Part of it is class-based—caught in the miserable middle, neither poor enough to be ignored nor wealthy enough to be safe. Part of it is a deeply ingrained social conservatism that requires no uniform to do its policing. The rest is the ordinary exhaustion of living among people who talk, notice, and never forget.
If Orwell’s model is the eye-in-the-sky, the Bangladeshi variant is the eye-on-every-doorstep. Big Brother requires wiring; this version merely requires proximity. It thrives on the dread of "what people will say"—a phrase so deeply woven into Bengali domestic life that it is rarely registered as an expression of raw power, though that is precisely what it is.
It is tempting to conclude that Bangladesh simply traded one Big Brother for a thousand smaller ones, but that misinterprets the dynamic. There is no central watching eye missing from an otherwise totalitarian setup because no such totalizing setup exists.
The politics Osman navigates—colonial leftovers, military decrees, and a fluid popular uprising—never cohere into a legible authority. Power is scattered.. and often invisible even to those holding a piece of it.
Little has changed. Today, Bangladeshi authority remains fragmented across state institutions, religious establishments, family hierarchies, local strongmen, and digital platforms that amplify whichever voice happens to be loudest.
No singular Ministry of Truth dictates the self-censorship that citizens practice daily. A threat with no fixed location is notoriously difficult to fight; it possesses neither an office nor a nameplate.
Elias’s literary technique mirrors this diffusion. Chilekothar Sepai eschews a steady narrating voice, drifting between Osman’s internal monologue and the collective murmur of the neighbourhood. The reader is frequently left uncertain whose judgement is being voiced.

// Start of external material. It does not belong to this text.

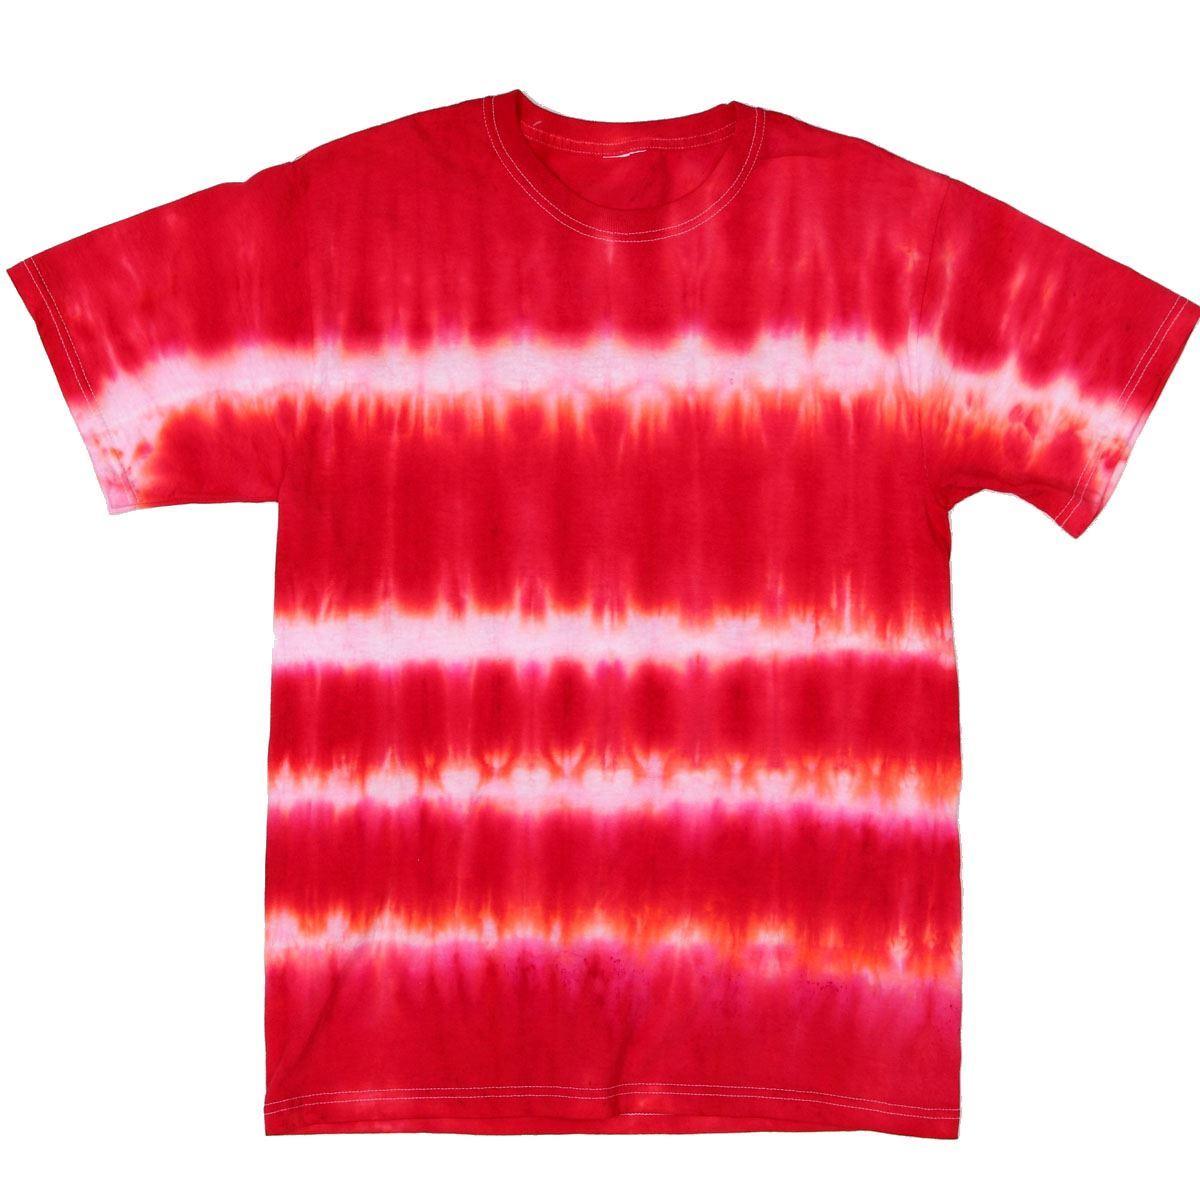 Red Tie Dye T-shirt

Orwell does the opposite, locking the reader inside Winston’s skull because isolation is the core of the tragedy—one man against the apparatus. Elias deprives Osman of isolation entirely. His problem is not being alone; it is that he is never allowed to be.
To be sure, modern Bangladesh possesses plenty of Orwellian machinery. Data collection, facial recognition infrastructure, and vaguely worded digital speech laws mean that anyone posting online can theoretically fall foul of the state. These tools are centralized and have an author.

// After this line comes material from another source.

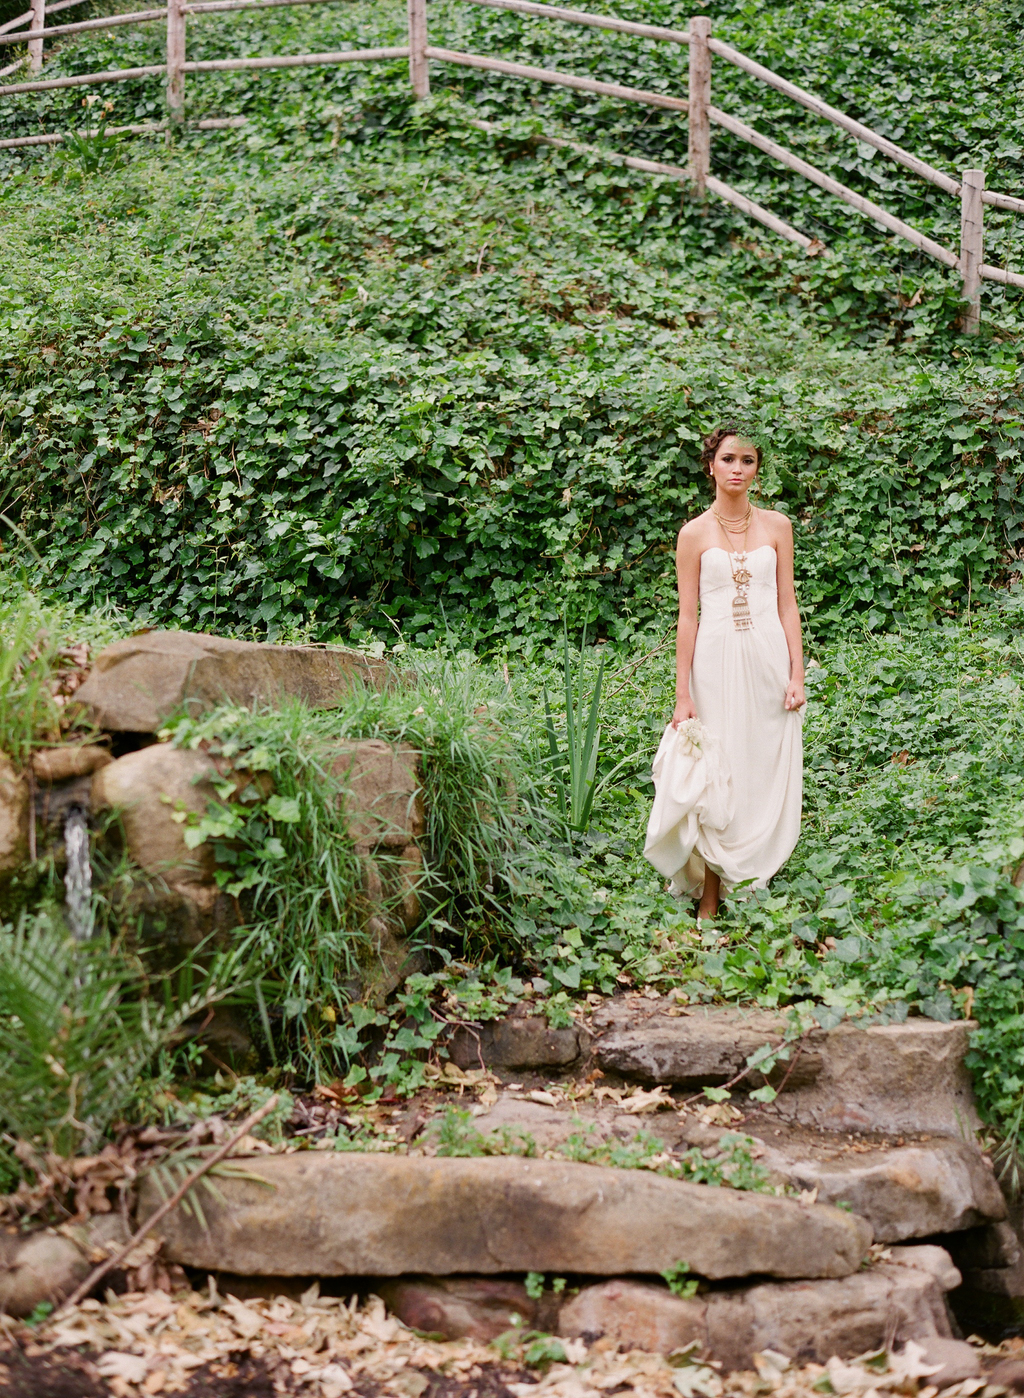 Styled-wedding-santa-barbara-chic-beaux-arts-photographie-italian-bohemian-wedding-bride-wedding-dress-022.full

Yet underneath this digital panopticon sits the older social system Elias described. No algorithm is required to police behavior when an entire community does it for free. No security officer needs to knock on a writer’s door when a family WhatsApp group can produce the same chilling effect through a few pointed messages.
Digital tools have simply given ancient social mechanisms a faster, wider reach. A rumour that once took days to cross a courtyard now requires only a screenshot and ten seconds. The impulse, however, remains collective rather than bureaucratic.
It is worth resisting the urge to find a single villain pulling the strings. A solitary Big Brother makes for a cleaner narrative. But as Elias demonstrates through Osman’s exhausting, fragmented interior life, surveillance does not require a dictator to be absolute.
It merely requires enough ordinary people paying just enough attention. Nobody runs this apparatus from a control room. It is scattered across a thousand unremarkable faces—a neighbour, a cousin, a local political cadre, a colleague.
Osman never learns which one mattered most. Neither will we.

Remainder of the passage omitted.